There are more than 6,000 wine growers in the Rhône Valley, so this type of business is important for Rhône brands. The big southern Côtes du Rhône appellation has different regulations again, and here syrah is a contributor to the blend, which contains grenache, as well as mourvèdre. Syrah adds berry fruits, structure and some fine tannins to a Côtes du Rhône blend. Guigal’s usually has at least 50% syrah, and more in poorer vintages to preserve the structure, while Jaboulet’s Parallèle 45 is usually around 60% grenache with 40% syrah.

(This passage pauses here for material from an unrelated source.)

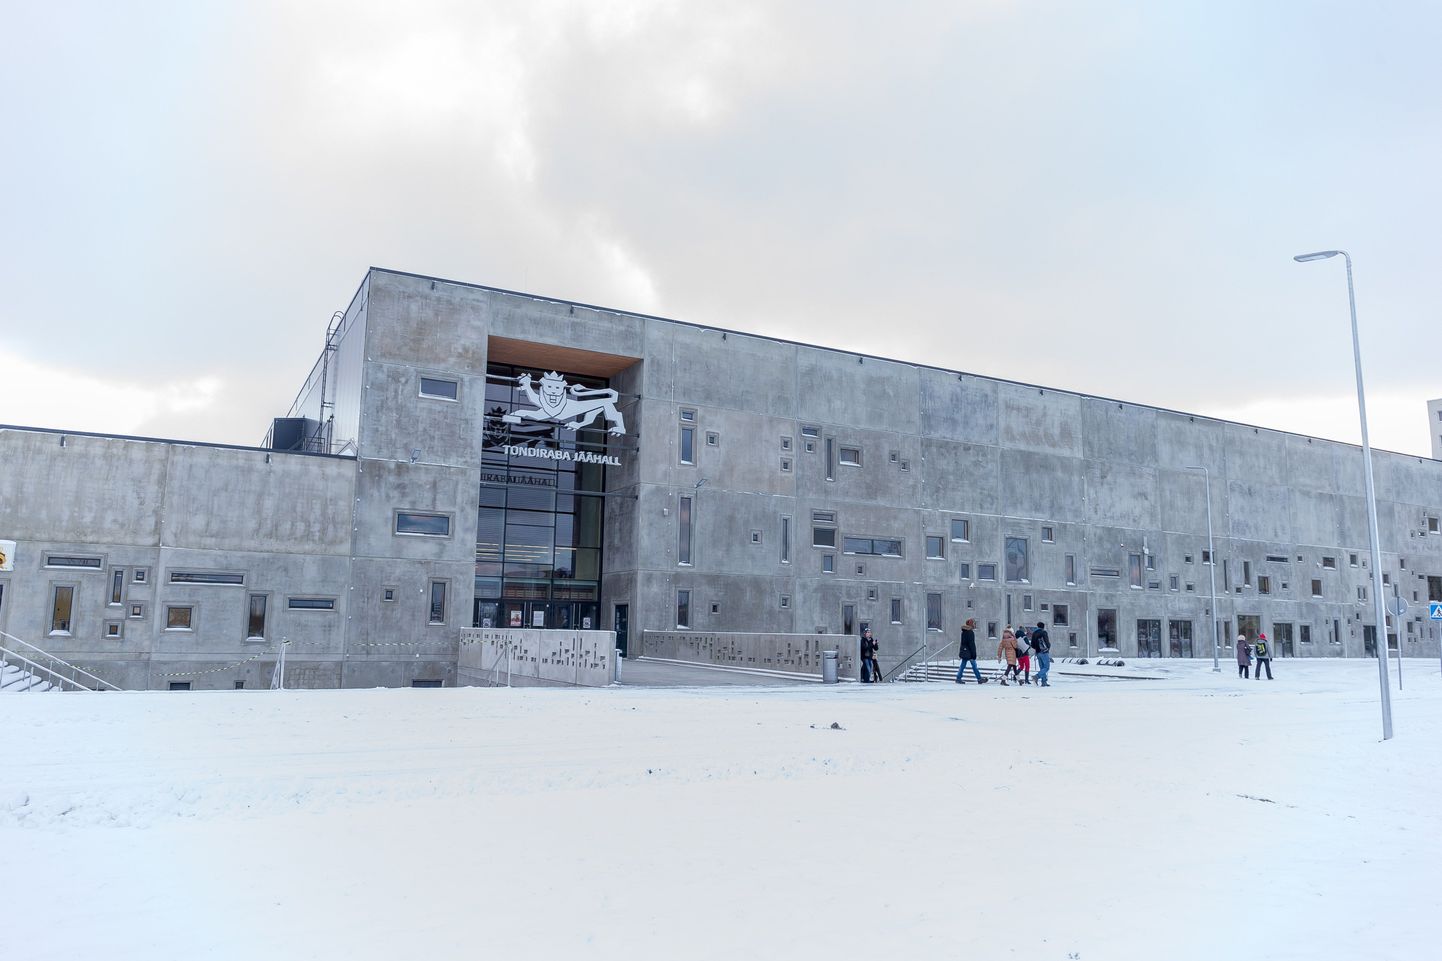 Ледовый холл "Тондираба".

But it’s not just the bigger players that run their business as a combination of estate and merchant sectors. Château Mont-Redon started out as a Châteauneuf-du-Pape estate. But since the mid 1990s, said owner Jean Abeille “we conduct two different activities – producer with a wine range under the ‘Château Mont-Redon’ label and wine merchant activity under the ‘Monredon’ brand.” This keeps estate separate from brand, but more than hints at the link. He said they started partly as a response to customer demand and also for their children who will one day inherit the business.
So just in the Rhône valley, the wines may be 100% syrah, in the north, or 10% or more in a Côtes du Rhône blend – the original GSM (grenache, syrah/shiraz, mourvèdre) wines. There’s also plenty of syrah planted in the Roussillon and Languedoc, all across the regions that border the warm Mediterranean Sea, offering syrah a climate that makes it smile.